*EXERCISE OBJECTIVE*
Quote the listing below in full and exactly as written, but omit every picture.

*COLLECTED MATERIAL*
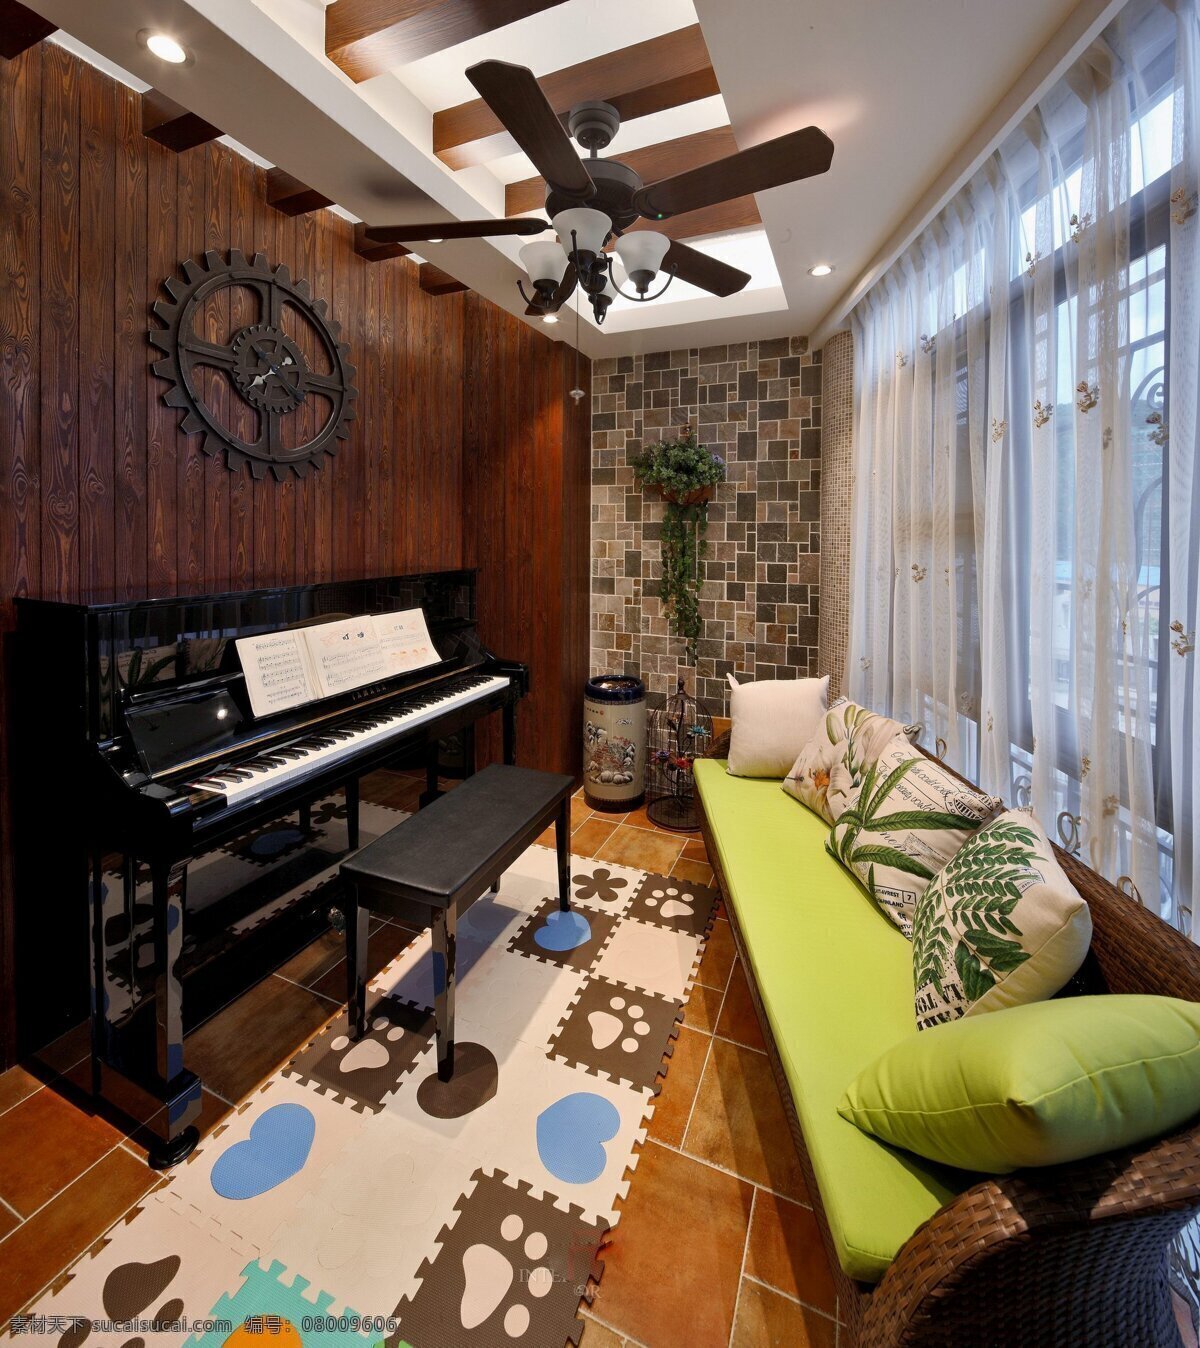 美式 钢琴 室 沙发 设计图 家居 家居生活 室内设计 装修 室内 家具 装修设计 环境设计 效果图
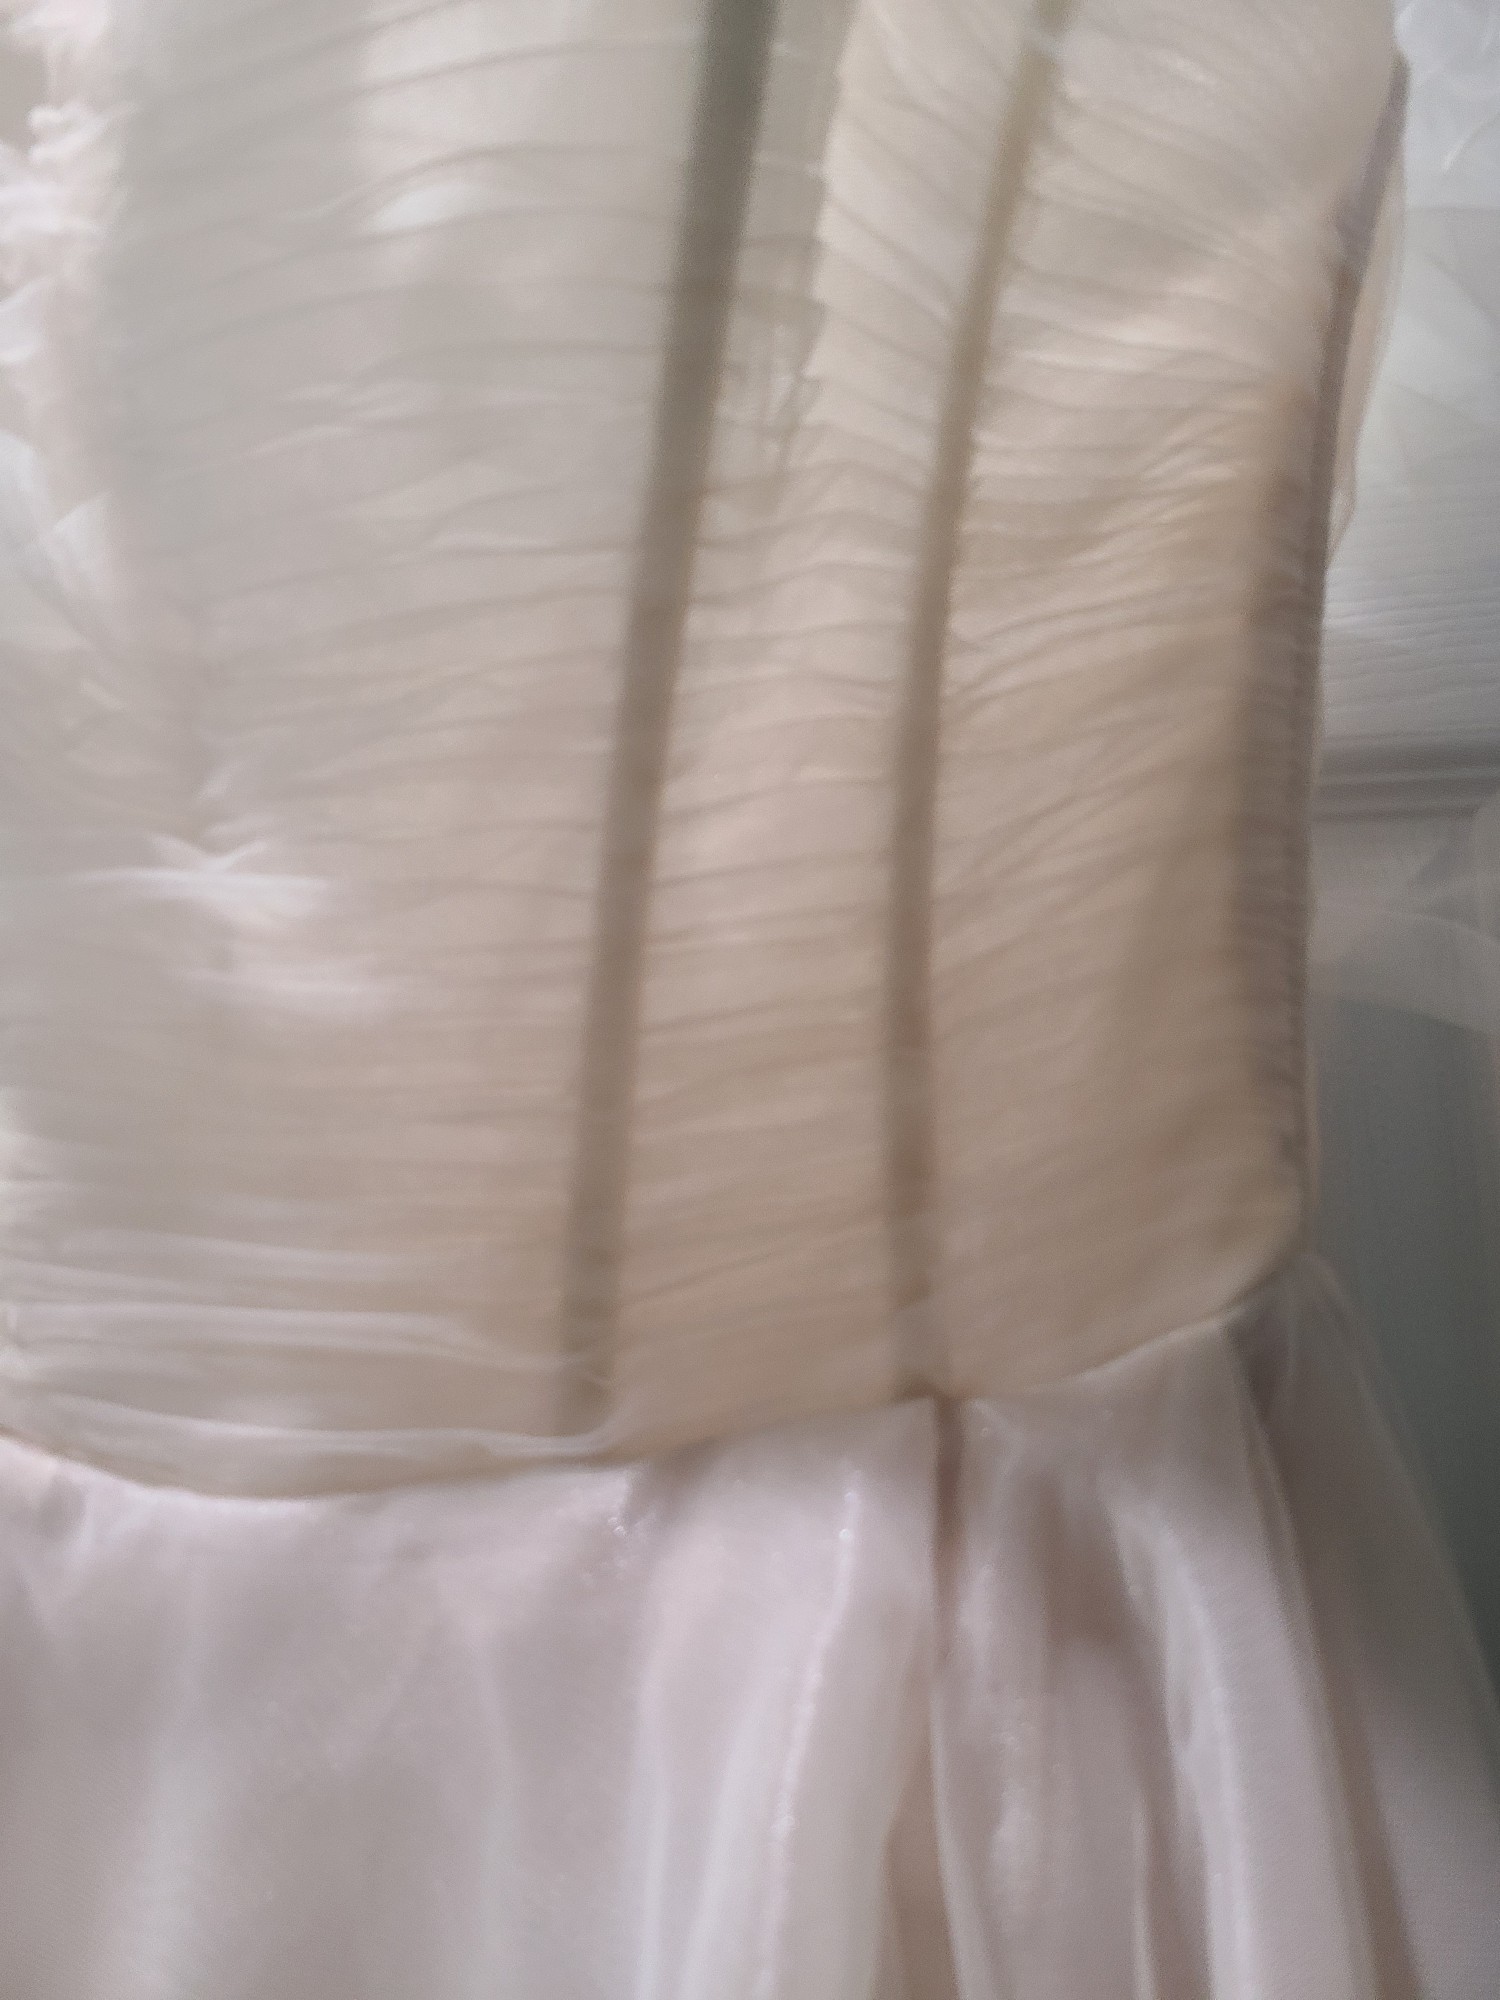 Galia Lahav G-501 New Wedding Dress Save 80% - Stillwhite
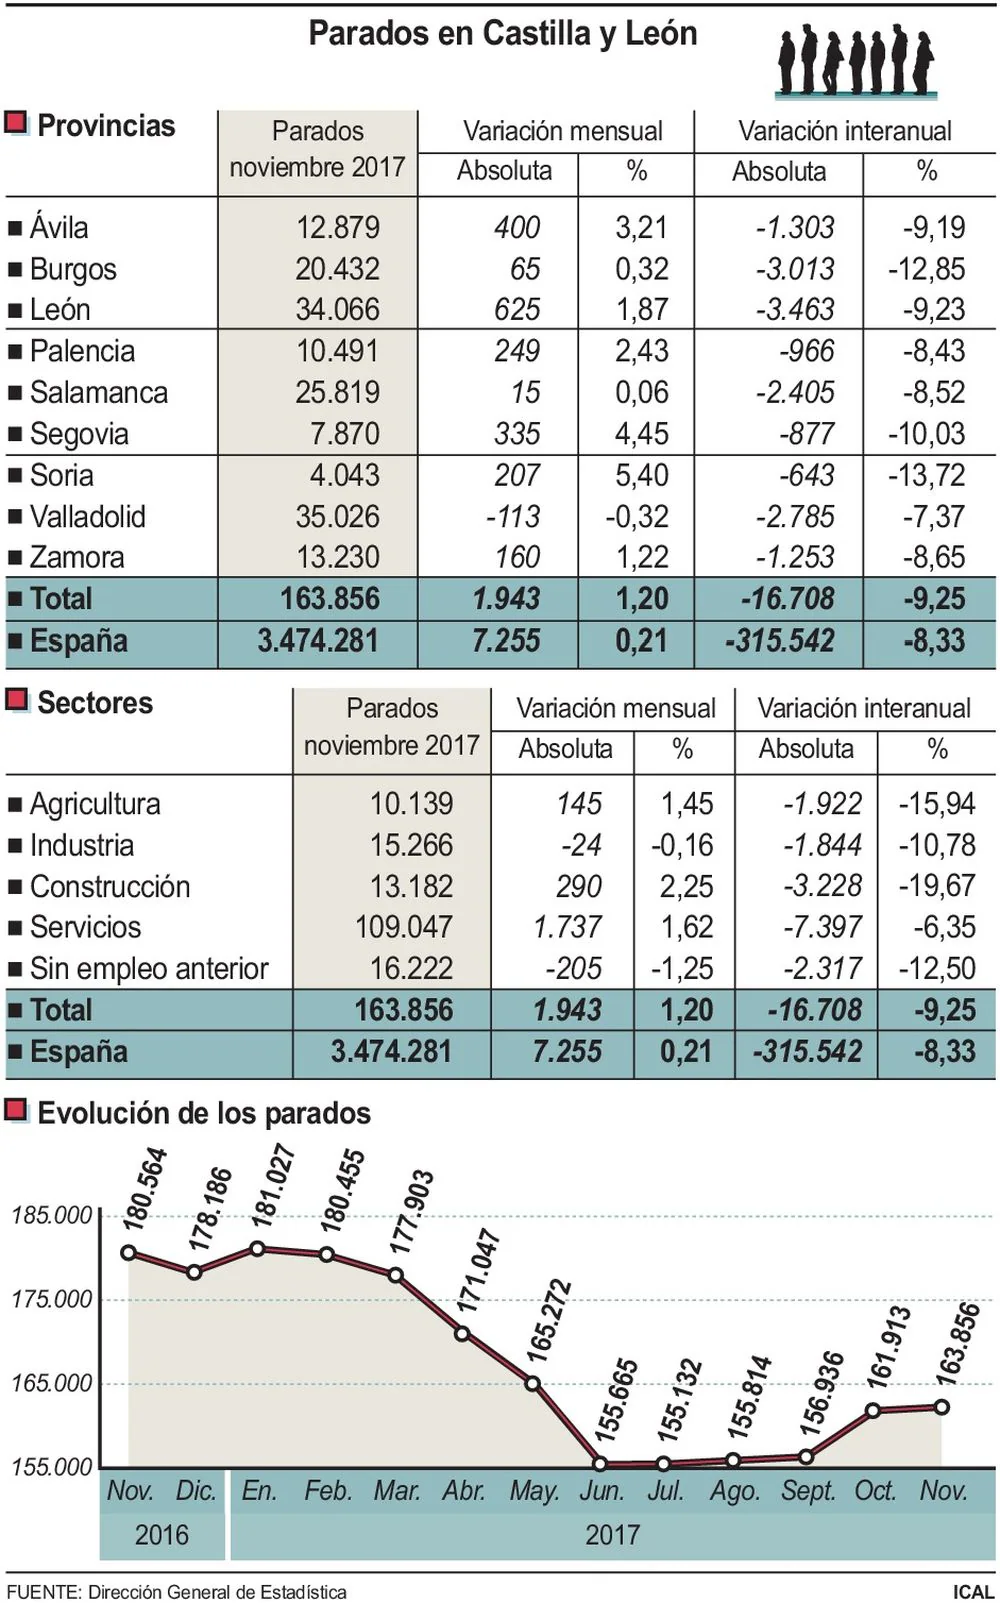 El desempleo sube en 1.943 personas en noviembre y deja la cifra de Castilla y León en 163.586. En León la cifra de desempleados supera los 34.000

*WRITTEN ANSWER*
 美式 钢琴 室 沙发 设计图 家居 家居生活 室内设计 装修 室内 家具 装修设计 环境设计 效果图
 Galia Lahav G-501 New Wedding Dress Save 80% - Stillwhite
 El desempleo sube en 1.943 personas en noviembre y deja la cifra de Castilla y León en 163.586. En León la cifra de desempleados supera los 34.000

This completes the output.